*Given entries:*
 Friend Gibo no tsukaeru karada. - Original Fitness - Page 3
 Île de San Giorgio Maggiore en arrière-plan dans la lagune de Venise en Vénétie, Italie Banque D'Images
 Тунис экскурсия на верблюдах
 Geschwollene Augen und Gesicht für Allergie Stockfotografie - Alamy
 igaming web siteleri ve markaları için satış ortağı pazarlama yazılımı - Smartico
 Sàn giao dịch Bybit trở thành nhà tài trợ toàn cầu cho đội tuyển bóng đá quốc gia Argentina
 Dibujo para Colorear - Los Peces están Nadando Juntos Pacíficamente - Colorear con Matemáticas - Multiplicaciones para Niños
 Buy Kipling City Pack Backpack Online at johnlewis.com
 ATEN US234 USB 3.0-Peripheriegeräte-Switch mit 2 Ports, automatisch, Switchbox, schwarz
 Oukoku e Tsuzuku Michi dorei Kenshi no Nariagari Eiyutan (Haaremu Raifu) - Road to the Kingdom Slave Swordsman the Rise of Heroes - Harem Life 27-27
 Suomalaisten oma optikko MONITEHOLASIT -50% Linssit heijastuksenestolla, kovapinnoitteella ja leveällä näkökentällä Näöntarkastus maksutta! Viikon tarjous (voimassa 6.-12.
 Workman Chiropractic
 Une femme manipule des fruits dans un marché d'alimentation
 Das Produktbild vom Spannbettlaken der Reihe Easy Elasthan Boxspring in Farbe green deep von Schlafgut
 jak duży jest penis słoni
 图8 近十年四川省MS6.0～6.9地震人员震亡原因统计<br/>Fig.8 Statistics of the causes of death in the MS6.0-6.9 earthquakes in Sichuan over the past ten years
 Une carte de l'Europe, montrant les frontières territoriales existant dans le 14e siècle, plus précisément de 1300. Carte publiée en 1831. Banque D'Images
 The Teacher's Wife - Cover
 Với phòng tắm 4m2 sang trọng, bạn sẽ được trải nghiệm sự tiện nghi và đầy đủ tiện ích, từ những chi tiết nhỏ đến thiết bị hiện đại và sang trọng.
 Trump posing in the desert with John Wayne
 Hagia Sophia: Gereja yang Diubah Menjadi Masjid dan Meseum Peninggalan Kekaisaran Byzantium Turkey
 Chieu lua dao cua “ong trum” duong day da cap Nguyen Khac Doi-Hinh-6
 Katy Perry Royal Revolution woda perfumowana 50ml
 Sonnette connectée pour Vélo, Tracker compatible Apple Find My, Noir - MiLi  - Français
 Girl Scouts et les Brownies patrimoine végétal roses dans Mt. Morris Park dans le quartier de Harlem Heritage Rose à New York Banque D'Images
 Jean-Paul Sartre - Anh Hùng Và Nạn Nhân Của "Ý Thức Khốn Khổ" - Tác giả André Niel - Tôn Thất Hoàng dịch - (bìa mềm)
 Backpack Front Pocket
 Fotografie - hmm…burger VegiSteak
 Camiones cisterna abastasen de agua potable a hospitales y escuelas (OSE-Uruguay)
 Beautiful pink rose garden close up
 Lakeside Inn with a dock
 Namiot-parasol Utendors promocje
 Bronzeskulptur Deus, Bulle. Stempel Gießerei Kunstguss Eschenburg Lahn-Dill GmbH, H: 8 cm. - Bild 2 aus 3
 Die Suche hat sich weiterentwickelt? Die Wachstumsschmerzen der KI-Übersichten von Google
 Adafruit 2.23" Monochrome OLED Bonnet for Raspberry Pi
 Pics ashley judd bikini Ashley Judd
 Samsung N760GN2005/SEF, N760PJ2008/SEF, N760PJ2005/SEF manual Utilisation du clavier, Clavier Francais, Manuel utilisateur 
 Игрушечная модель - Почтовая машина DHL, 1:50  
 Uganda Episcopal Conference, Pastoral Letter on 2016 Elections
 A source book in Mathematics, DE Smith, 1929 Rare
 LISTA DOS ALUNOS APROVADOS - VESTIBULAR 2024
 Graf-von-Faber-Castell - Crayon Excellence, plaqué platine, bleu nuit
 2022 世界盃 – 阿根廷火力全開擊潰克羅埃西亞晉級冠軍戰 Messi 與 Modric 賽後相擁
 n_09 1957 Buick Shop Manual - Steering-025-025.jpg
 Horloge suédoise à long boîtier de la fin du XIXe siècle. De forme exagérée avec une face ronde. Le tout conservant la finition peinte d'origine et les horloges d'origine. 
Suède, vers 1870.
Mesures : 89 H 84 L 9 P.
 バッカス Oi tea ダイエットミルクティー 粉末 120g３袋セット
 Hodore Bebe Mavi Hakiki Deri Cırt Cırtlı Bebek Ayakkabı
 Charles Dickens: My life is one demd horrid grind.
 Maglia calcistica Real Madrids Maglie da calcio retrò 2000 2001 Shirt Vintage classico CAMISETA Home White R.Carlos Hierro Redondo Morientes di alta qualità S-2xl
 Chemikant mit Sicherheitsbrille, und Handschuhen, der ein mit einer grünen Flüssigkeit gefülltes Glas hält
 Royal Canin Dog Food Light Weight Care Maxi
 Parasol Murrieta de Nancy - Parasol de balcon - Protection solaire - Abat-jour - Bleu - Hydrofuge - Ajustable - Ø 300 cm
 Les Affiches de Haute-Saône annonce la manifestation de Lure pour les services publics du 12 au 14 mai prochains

*Exercise details:*
Return only and exactly the lines from the one that contains "Backpack Front Pocket" through the final line of the material above.

*Exercise result:*
 Backpack Front Pocket
 Fotografie - hmm…burger VegiSteak
 Camiones cisterna abastasen de agua potable a hospitales y escuelas (OSE-Uruguay)
 Beautiful pink rose garden close up
 Lakeside Inn with a dock
 Namiot-parasol Utendors promocje
 Bronzeskulptur Deus, Bulle. Stempel Gießerei Kunstguss Eschenburg Lahn-Dill GmbH, H: 8 cm. - Bild 2 aus 3
 Die Suche hat sich weiterentwickelt? Die Wachstumsschmerzen der KI-Übersichten von Google
 Adafruit 2.23" Monochrome OLED Bonnet for Raspberry Pi
 Pics ashley judd bikini Ashley Judd
 Samsung N760GN2005/SEF, N760PJ2008/SEF, N760PJ2005/SEF manual Utilisation du clavier, Clavier Francais, Manuel utilisateur 
 Игрушечная модель - Почтовая машина DHL, 1:50  
 Uganda Episcopal Conference, Pastoral Letter on 2016 Elections
 A source book in Mathematics, DE Smith, 1929 Rare
 LISTA DOS ALUNOS APROVADOS - VESTIBULAR 2024
 Graf-von-Faber-Castell - Crayon Excellence, plaqué platine, bleu nuit
 2022 世界盃 – 阿根廷火力全開擊潰克羅埃西亞晉級冠軍戰 Messi 與 Modric 賽後相擁
 n_09 1957 Buick Shop Manual - Steering-025-025.jpg
 Horloge suédoise à long boîtier de la fin du XIXe siècle. De forme exagérée avec une face ronde. Le tout conservant la finition peinte d'origine et les horloges d'origine. 
Suède, vers 1870.
Mesures : 89 H 84 L 9 P.
 バッカス Oi tea ダイエットミルクティー 粉末 120g３袋セット
 Hodore Bebe Mavi Hakiki Deri Cırt Cırtlı Bebek Ayakkabı
 Charles Dickens: My life is one demd horrid grind.
 Maglia calcistica Real Madrids Maglie da calcio retrò 2000 2001 Shirt Vintage classico CAMISETA Home White R.Carlos Hierro Redondo Morientes di alta qualità S-2xl
 Chemikant mit Sicherheitsbrille, und Handschuhen, der ein mit einer grünen Flüssigkeit gefülltes Glas hält
 Royal Canin Dog Food Light Weight Care Maxi
 Parasol Murrieta de Nancy - Parasol de balcon - Protection solaire - Abat-jour - Bleu - Hydrofuge - Ajustable - Ø 300 cm
 Les Affiches de Haute-Saône annonce la manifestation de Lure pour les services publics du 12 au 14 mai prochains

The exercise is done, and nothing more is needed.